While previous generations of replicants could be identified by their lack of empathic responses to the oblique questions of the Voight-Kampff test, these rules have lately gone out the window. Now, replicants can apparently innately tell each other apart from humans, but only when the plot requires it. Most of the time they need to rely on serial codes found on bones, or under an eyeball.

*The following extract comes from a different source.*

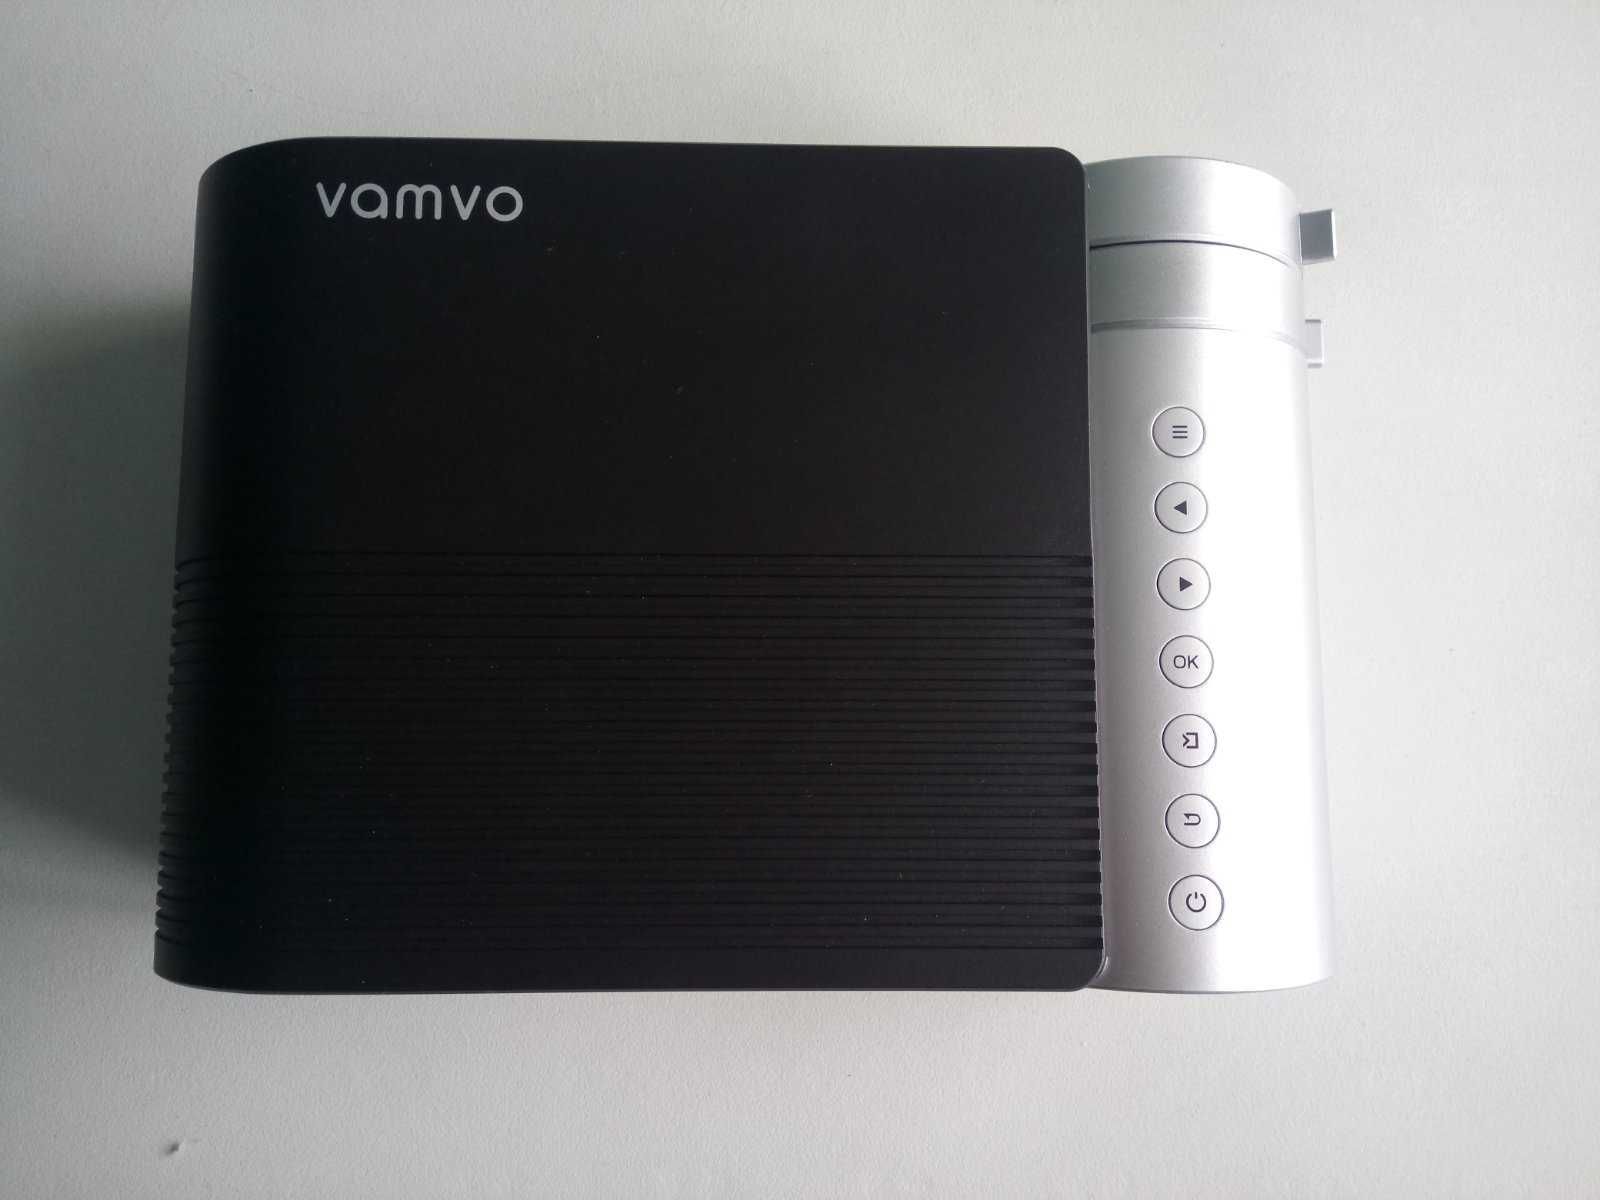 Проектор VAMVO L4200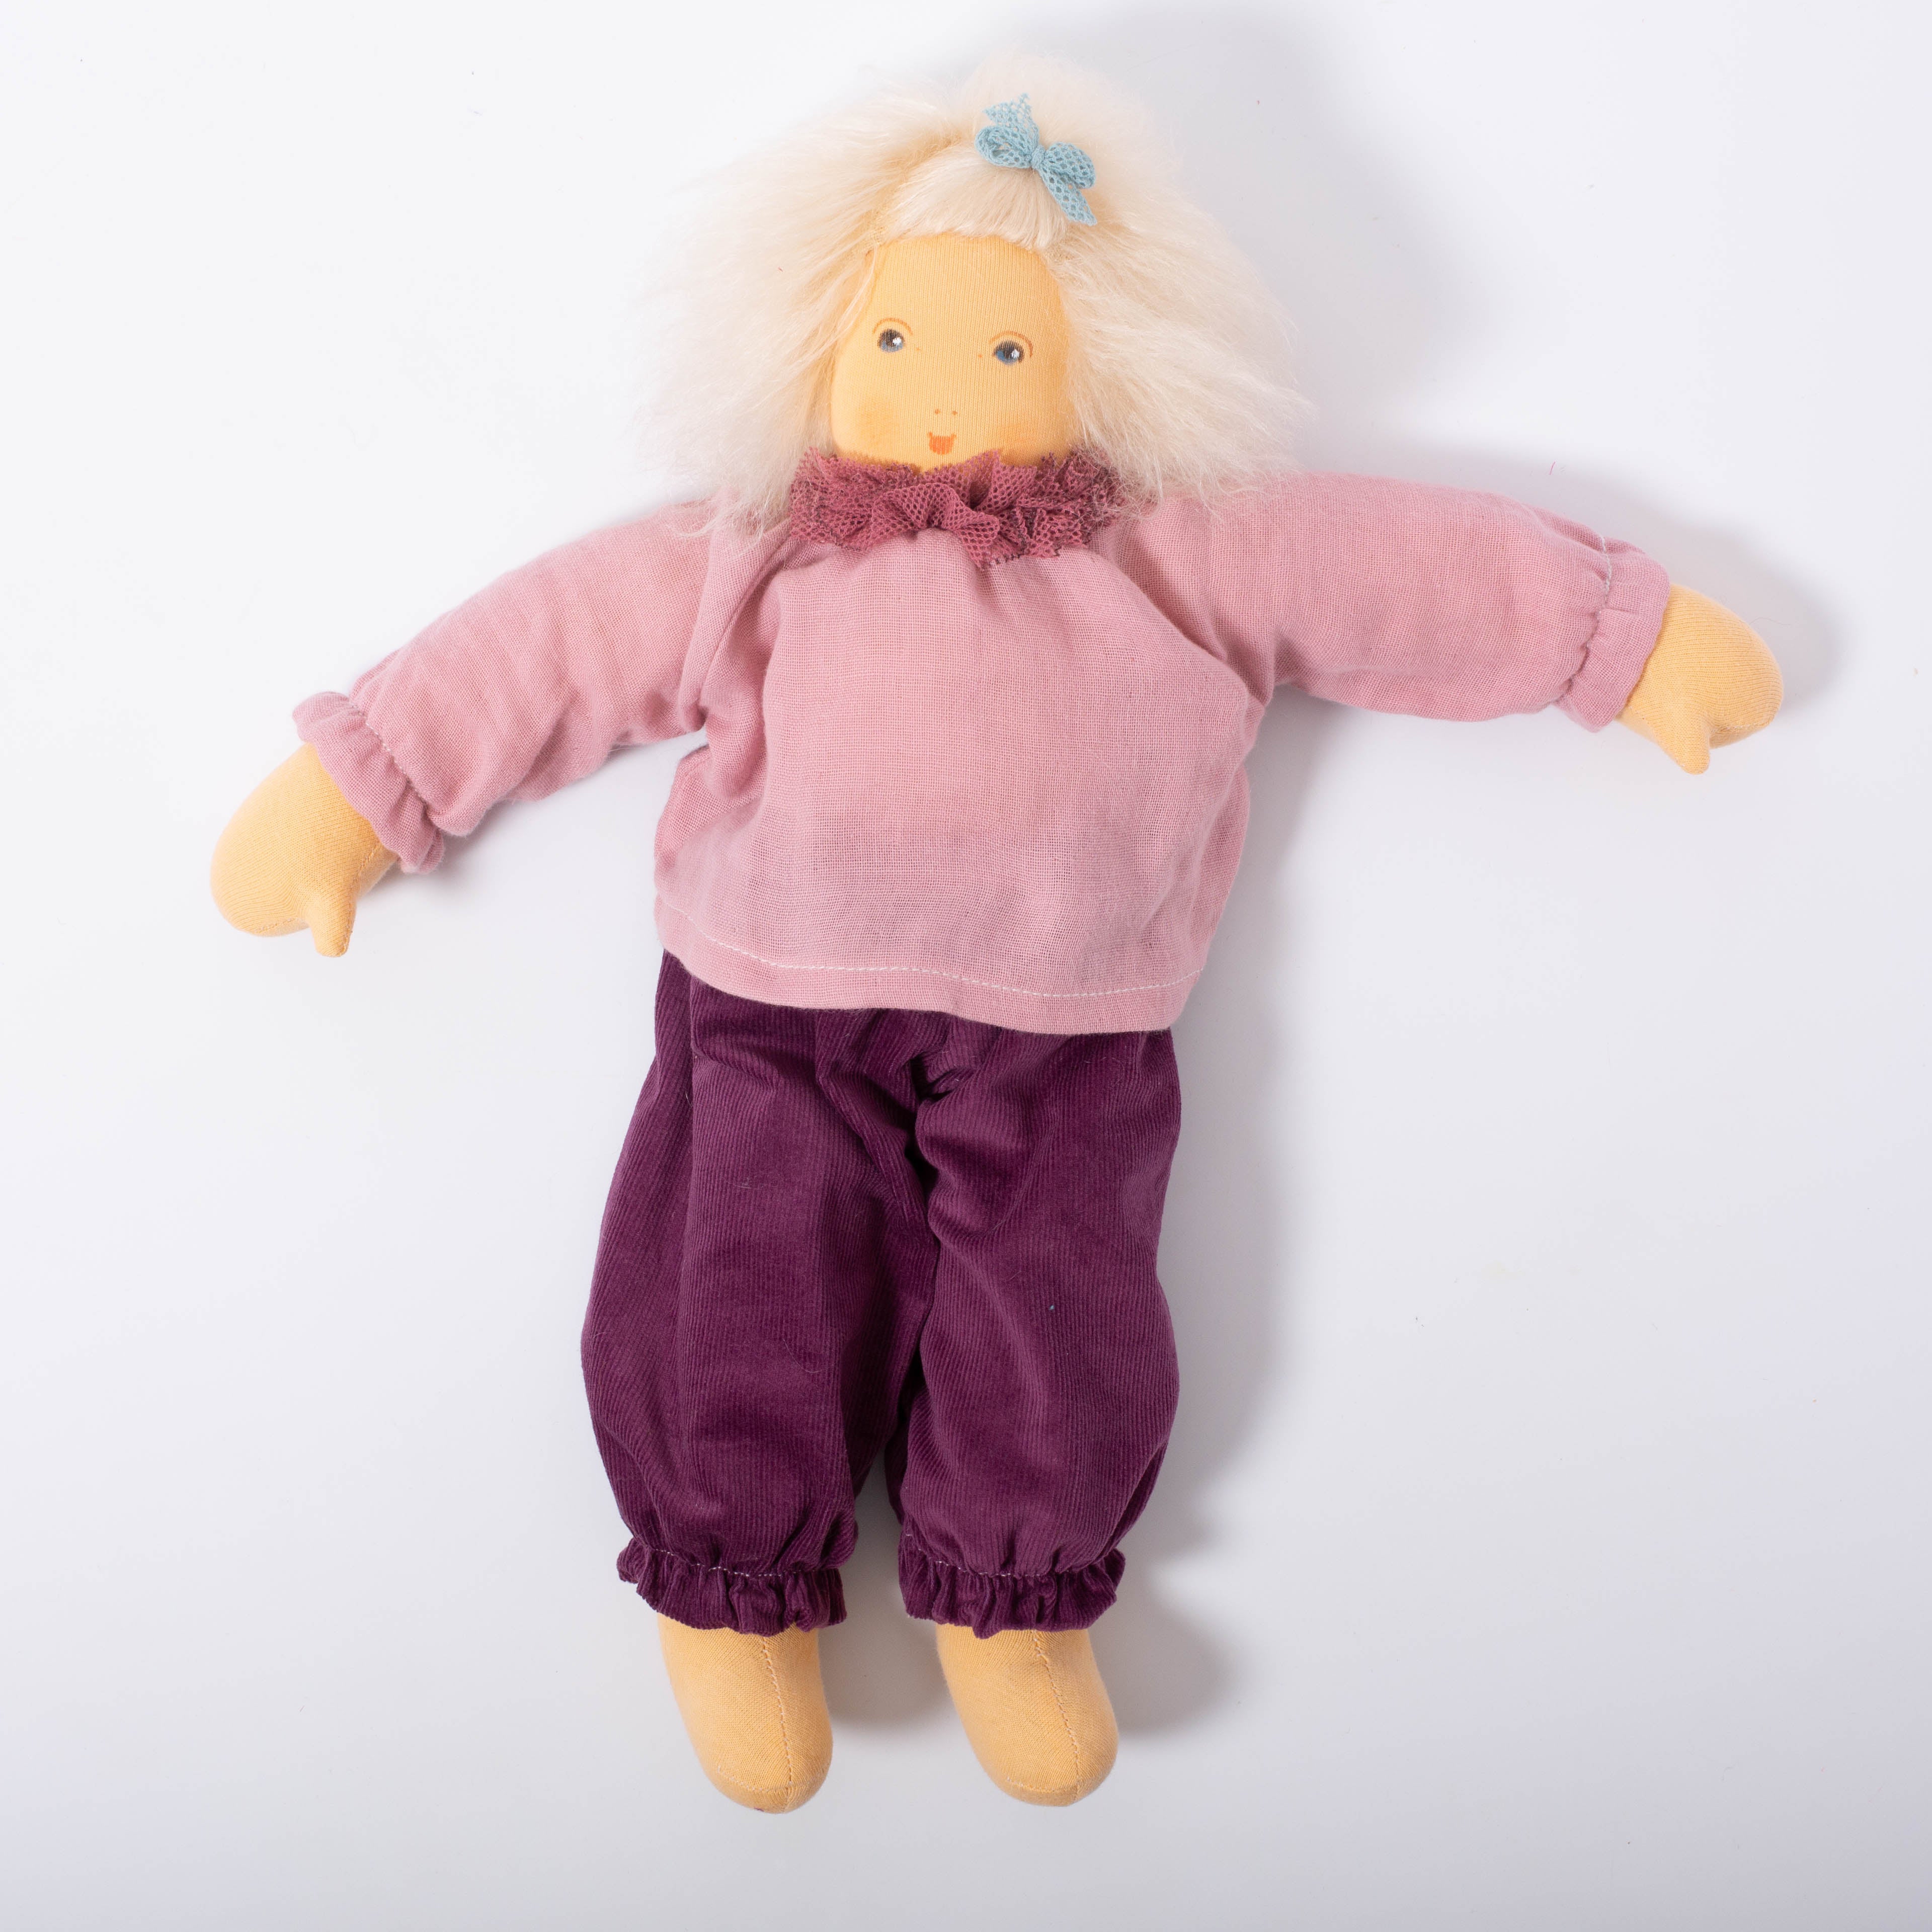 nanchen waldorf doll

When chasing down a rogue android, one of the Blade Runners, K (Ryan Gosling), makes the shocking discovery that suggests replicants may be able to procreate despite being engineered to the contrary, thereby elevating the soulless robots to near-human status. If this information leaked to the general public, the underlying narrative of social order would be threatened. Tasked with locating and eliminating any replicant spawn, K chases down leads in sprawling  post-apocalyptic junkyards mined by orphan children and the irradiated remnants of Las Vegas as he begins to question not only his own function as a keeper of order in a disordered world, but the deaths required to keep that order, like how Rick Deckard (Harrison Ford), the titular Blade Runner from the first movie, did before him. If this were the single story being told, the movie would be great. As it is, just when K’s storyline should be wrapping up, Rick Deckard shows up and draws out what should be the third act by a degree that makes the story begin to feel unwieldy.

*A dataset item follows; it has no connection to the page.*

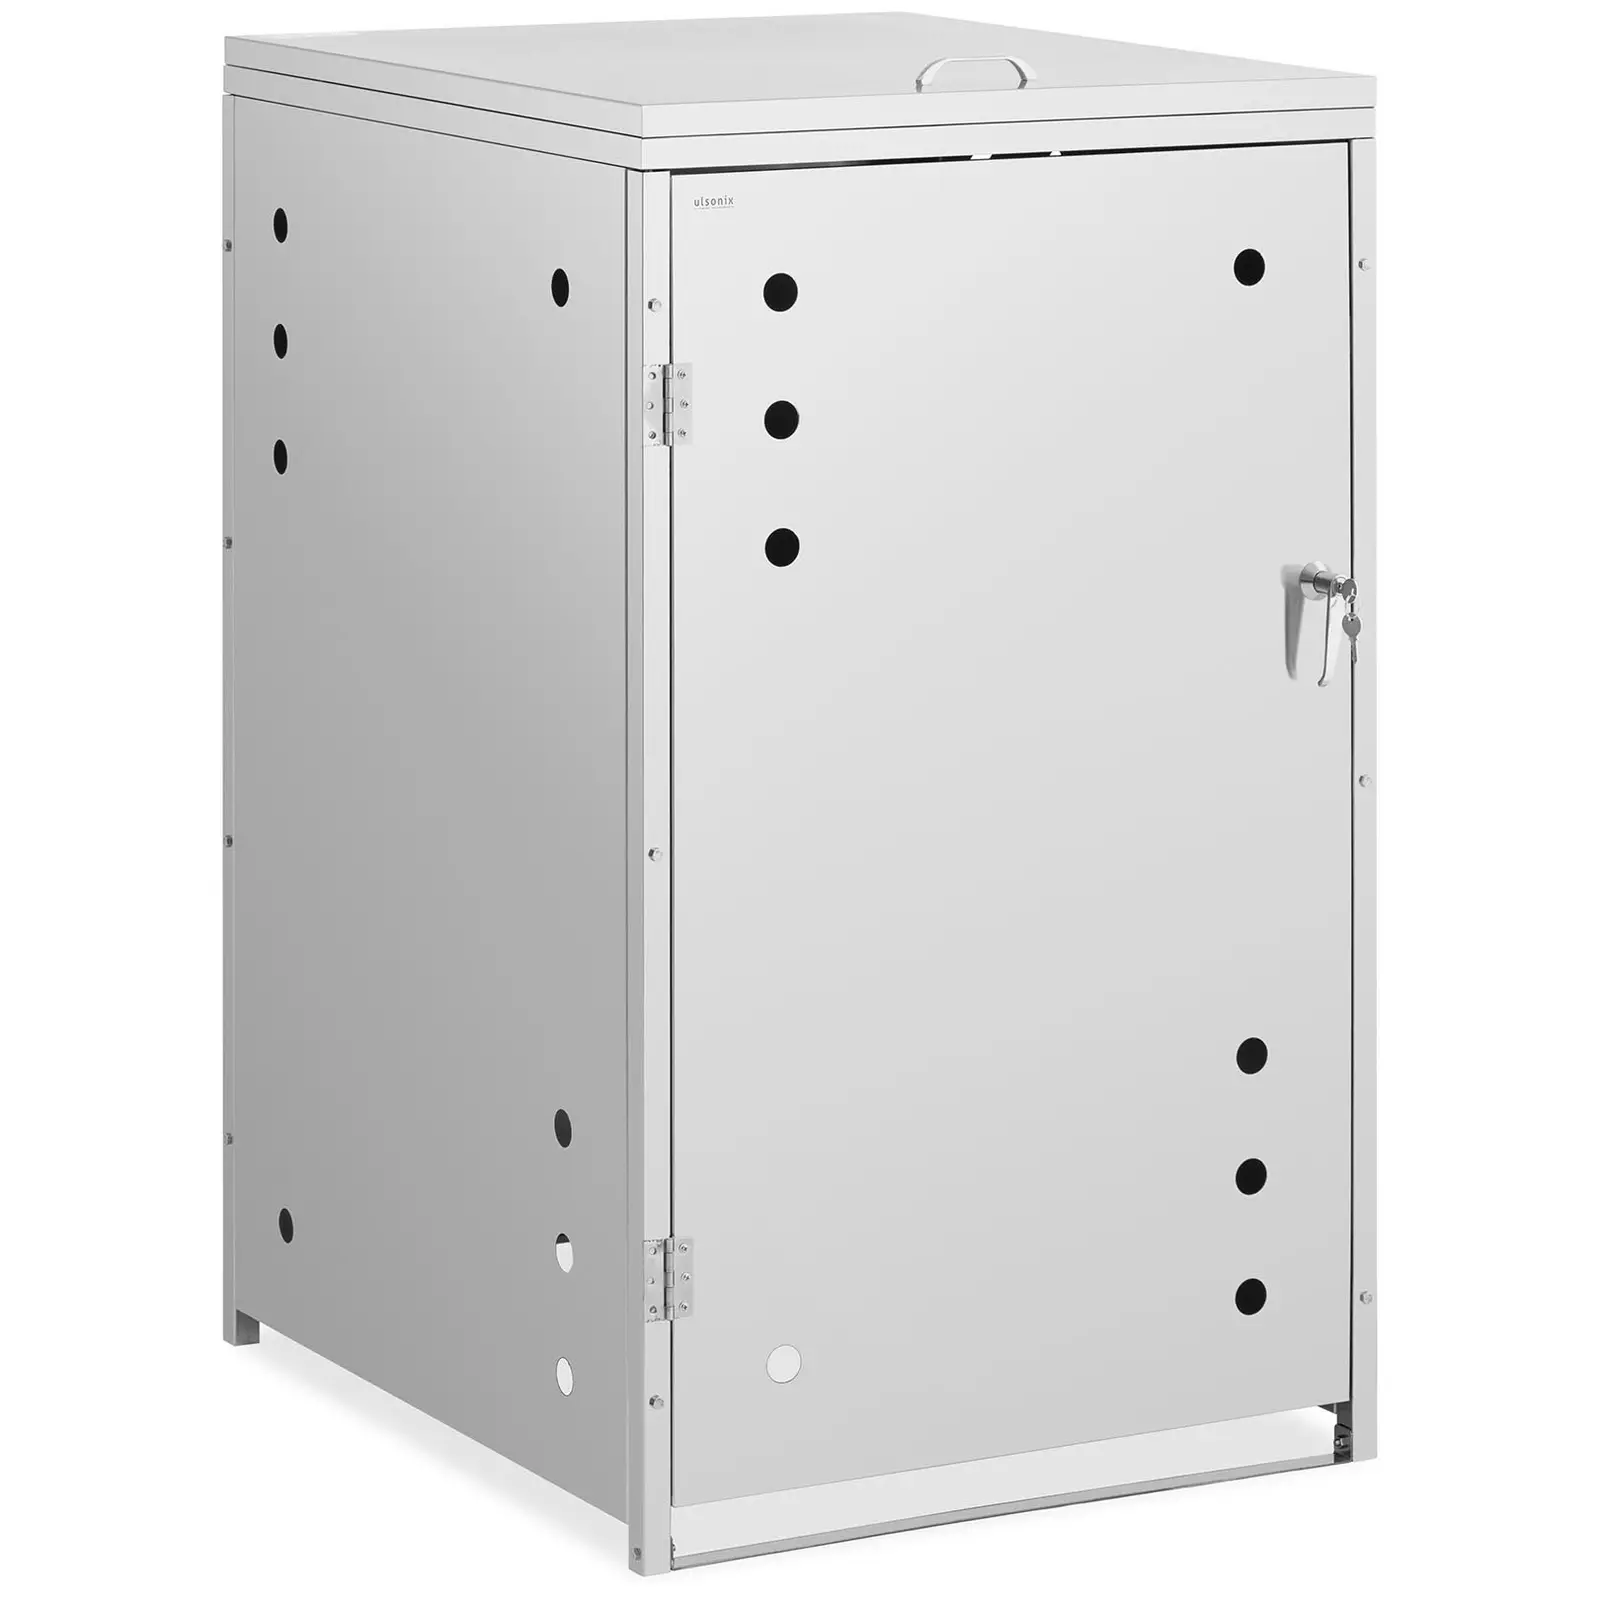 Bin Storage Box -  240 L - horizontal air vents

Still, the film is a marvel of cinematic wizardry, and the visuals carry it to its end. The blue lights of the rainy Los Angeles and the orange fog that shrouds the ruins of Las Vegas all telegraph the evolving morality of the primary characters. The endless blocks of interchangeable gray tenements and the massive advertising holograms offer a nightmarish vision of what Los Angeles will eventually become. Closeups of eyeballs and small, handcrafted statuettes mimic the imagery of the first film. As with the original film, the costumes are simultaneously futuristic — such as the environmental suit of the grub-farmer in the opening scene — and elegant, like K’s high-mouthed turtleneck coat which would not seem outlandish in 2017. The score is minimalist, lo-fi pulsing that is suitably mood-altering, but the Noise of Something Important About To Happen that is used at least three times a scene eventually grows annoying.

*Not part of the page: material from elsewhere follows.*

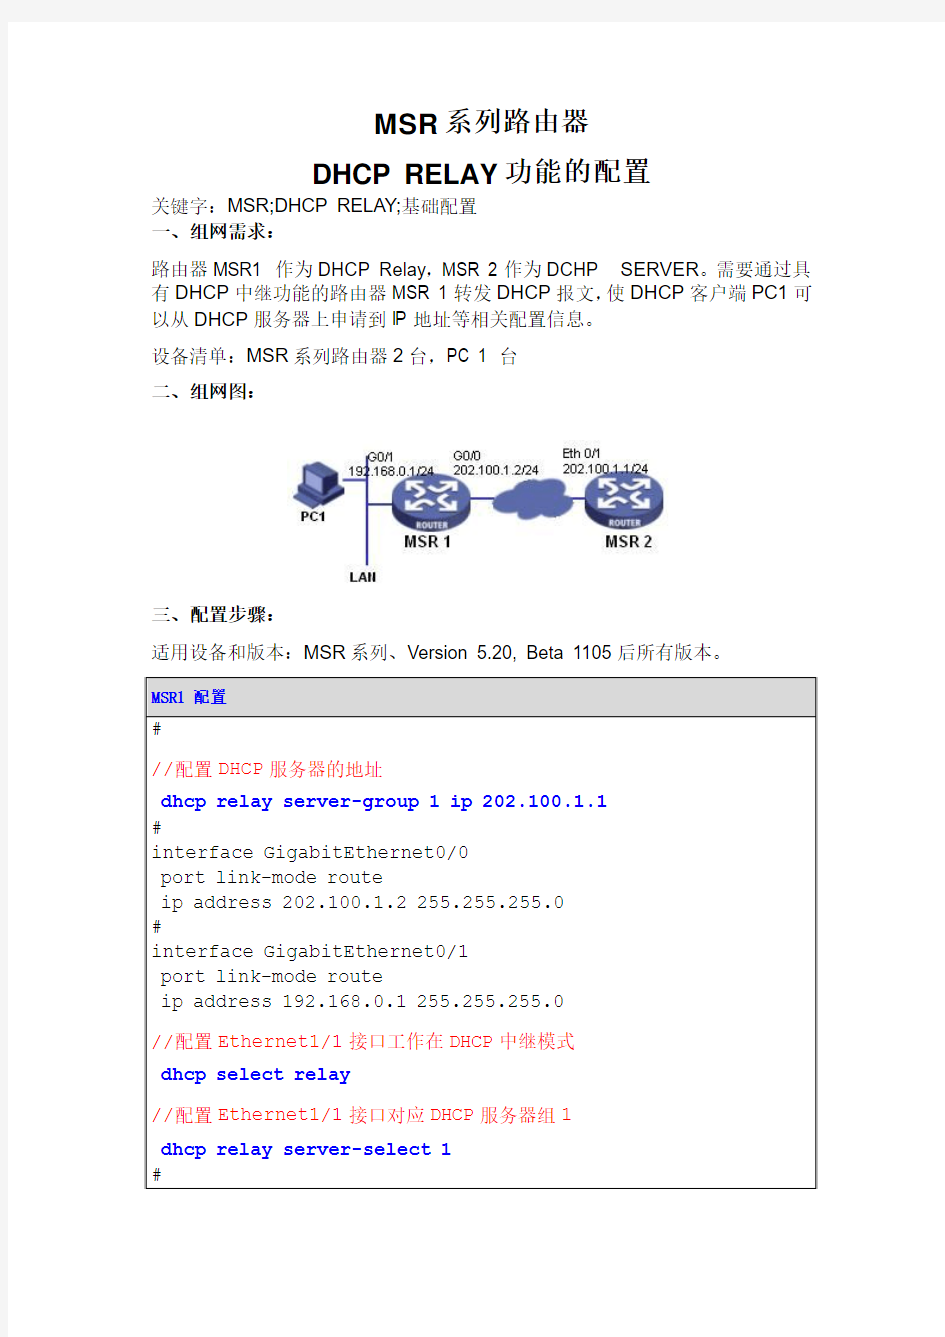 MSR系列路由器DHCP RELAY功能的配置

The great sin of Blade Runner 2049 is that it tries to do too many things at once. It wants to pay homage to the original movie in its imagery, its characters and its story. It wants to create a new, standalone audio-visual spectacle that defines our current age and crises. It wants to spark a revolution where the workers overthrow the exploiters. It wants to make us re-think our increasingly symbiotic relationship with technology. Perhaps least forgivably, it wants to create a new bankable cinematic universe where an endless number of sequels are required to explain a complex, densely-layered overarching narrative while simultaneously making Sony lots of money. If it only wanted to do one or two or even three of these things, we would have an iconic sequel to a classic movie. Instead, despite its eye-dazzling doomscapes and moody noir atmospherics,  Blade Runner 2049 feels cluttered and overlong, never quite achieving artistic parity with its predecessor.